Both Whitehall Township police and Smale-Lorenzo said the mall was crowded Saturday afternoon.

“The line was 21 deep to get into Build-A-Bear. There were lines everywhere in the mall. You would have thought it was Christmas.”

When police came to Torrid, they lined up the people and escorted them through the center of the mall through the exit to a waiting armored vehicle to go to Bob’s Furniture on the outskirts of the mall.

As the adrenaline settled on the ride home, they realized they had missed dinner and they were hungry, so they made a quick stop at Sheetz for some food before heading home.

Smale-Lorenzo worries about her daughter going through the ordeal. Last year they lost their home to a fire. But Isabella was able to sleep Saturday night and enjoyed the birthday party Sunday.

Few details

Domingo Lorenzo said police weren’t giving many details for those waiting outside. Someone at the scene told him the police first went through the mall with search dogs.

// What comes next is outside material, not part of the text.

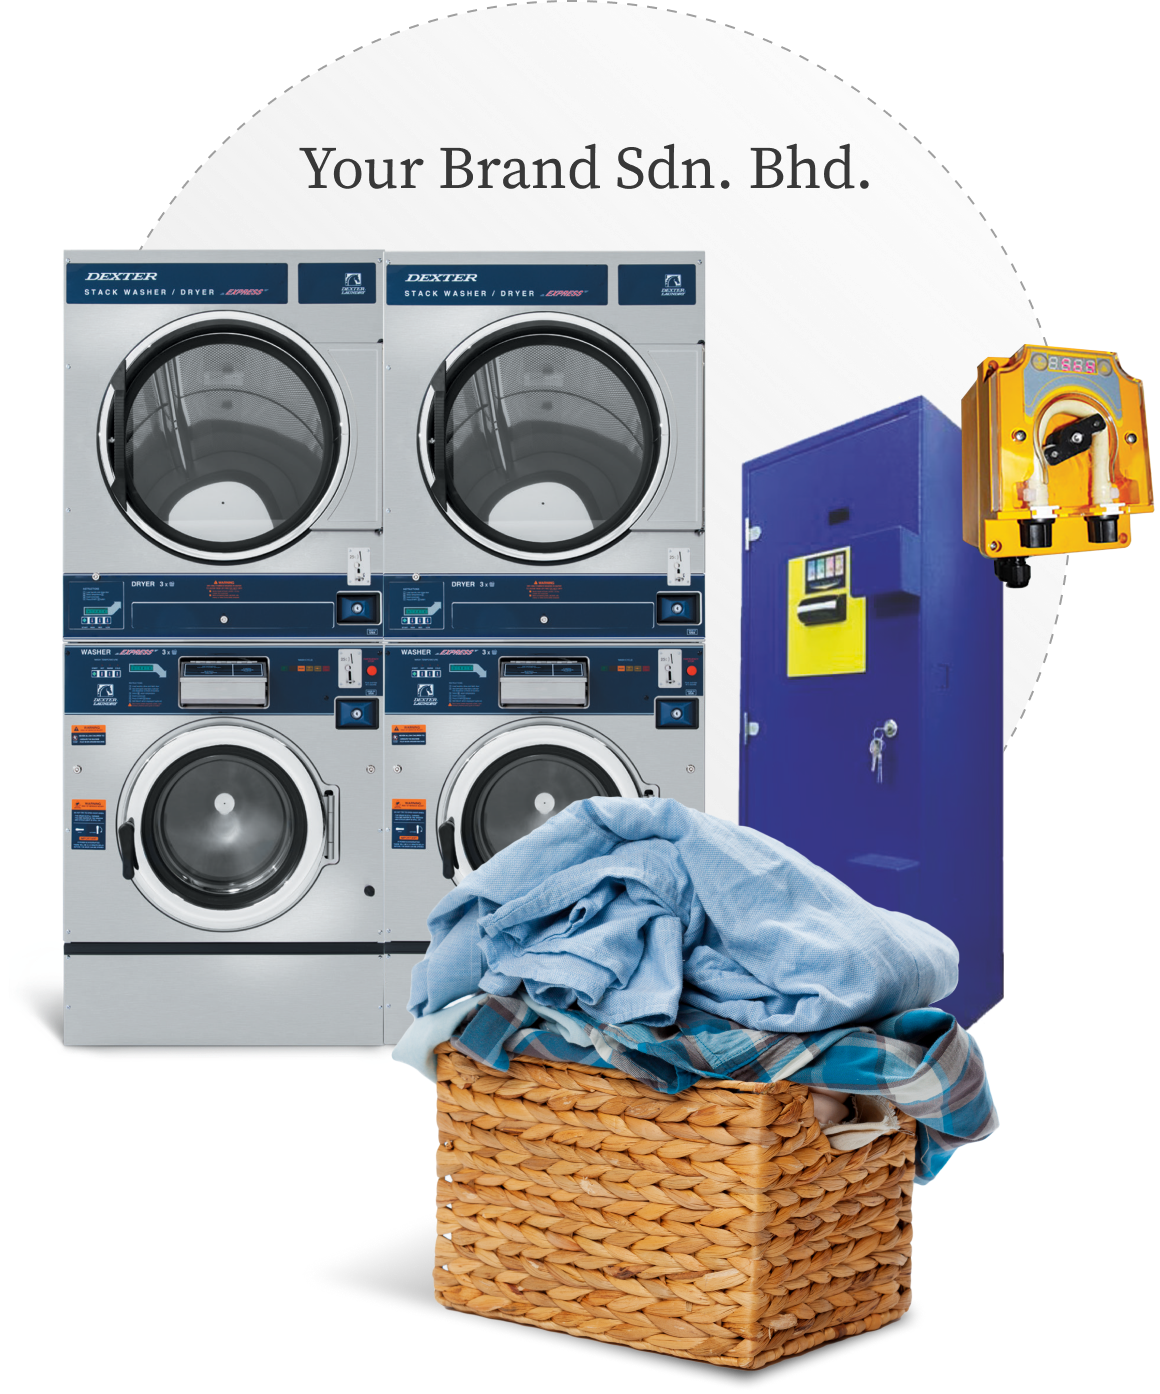 Start your own laundry brand with Cleanpro laundry machines and equipments
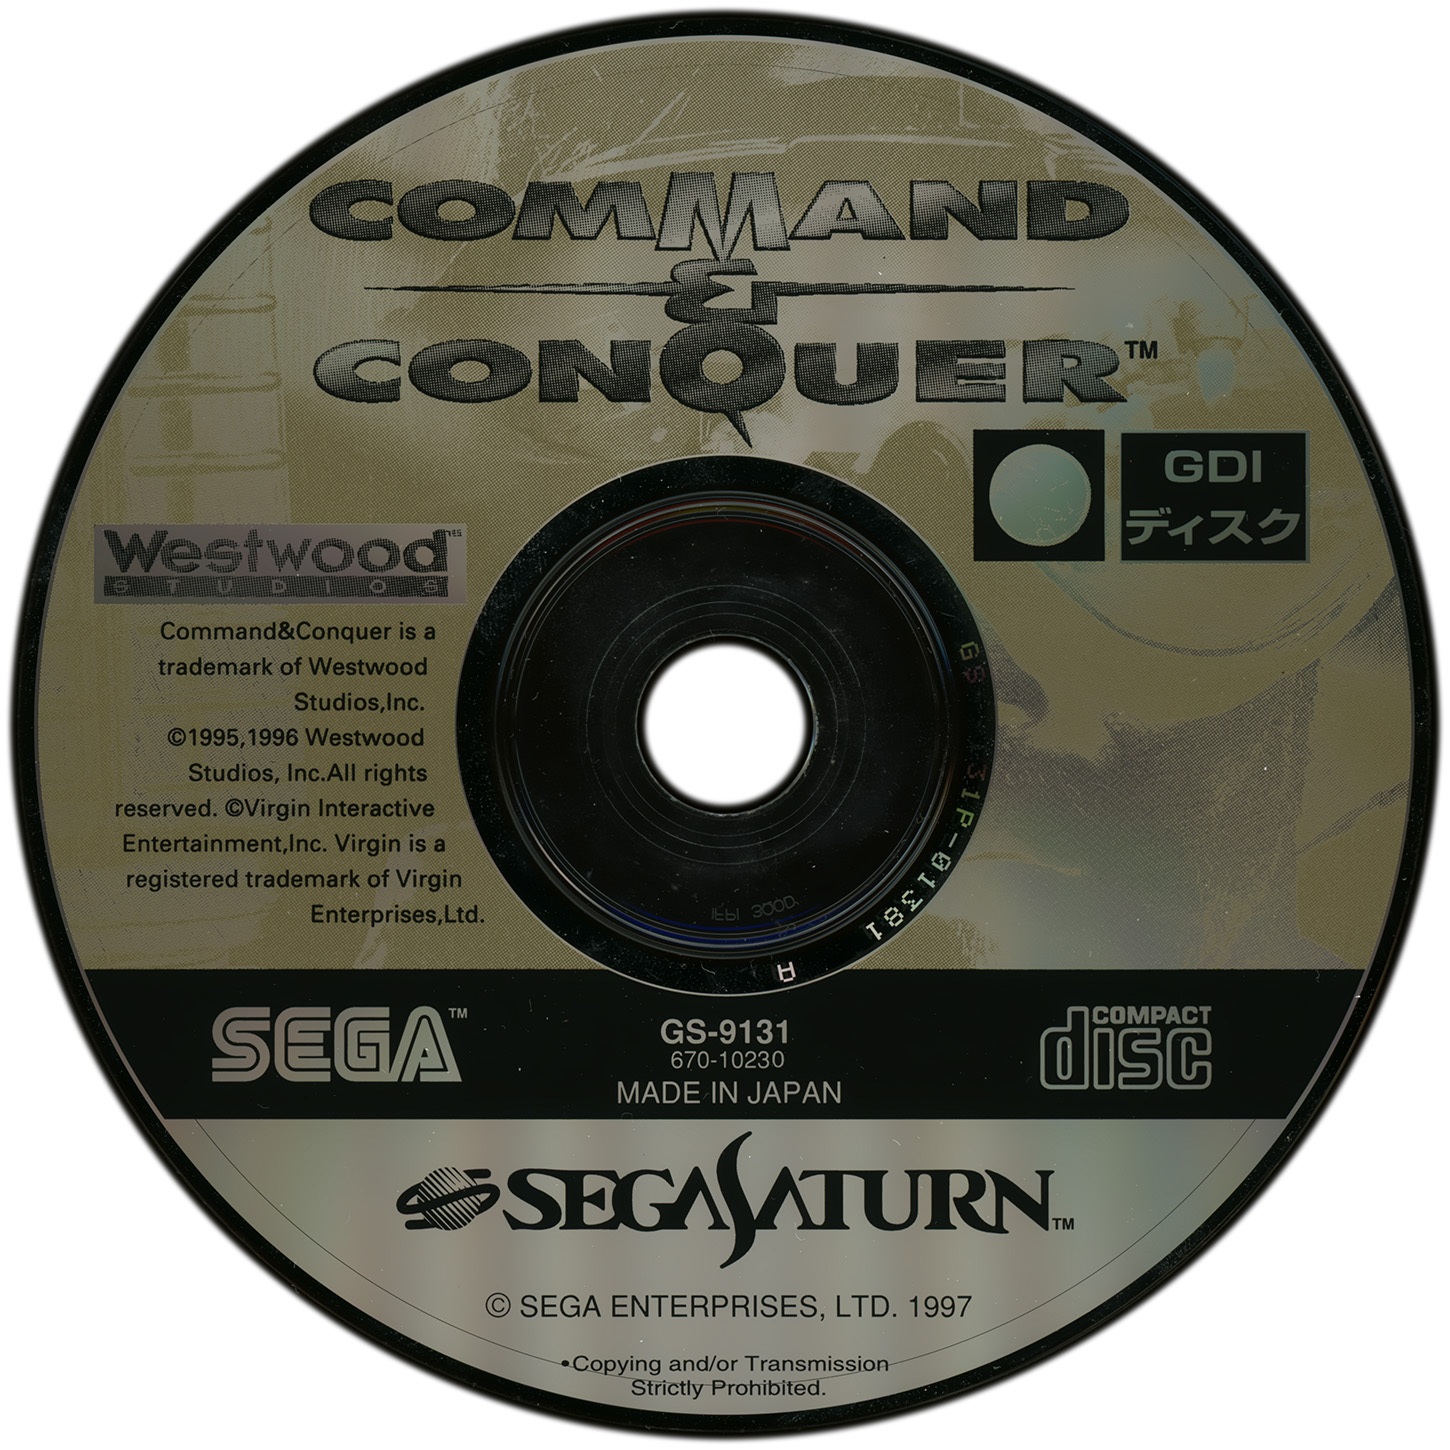 windows 3.x space conquer game floppy disc install

In the news conference Saturday night, police said they are searching for the person who fired shots late Saturday afternoon at the Lehigh Valley Mall in Whitehall.

Whitehall Chief Michael Marks said Saturday night the police have few details and no description of the shooter. There were no victims, Marks said.

Shell casings were found at the scene and people were asked to shelter in place in stores until they could be safely evacuated from the mall. Police were accounting for all the employees and said the main goal is to “reunite everyone with their families.”

“Our primary focus was making sure everyone is safe and sound,” Marks said.

He stressed that police have “very few details at this point” and are asking for the public’s help in identifying the suspect.

Police are studying surveillance video and also ask if anyone has cellphone video to call the department at 610-437-3042.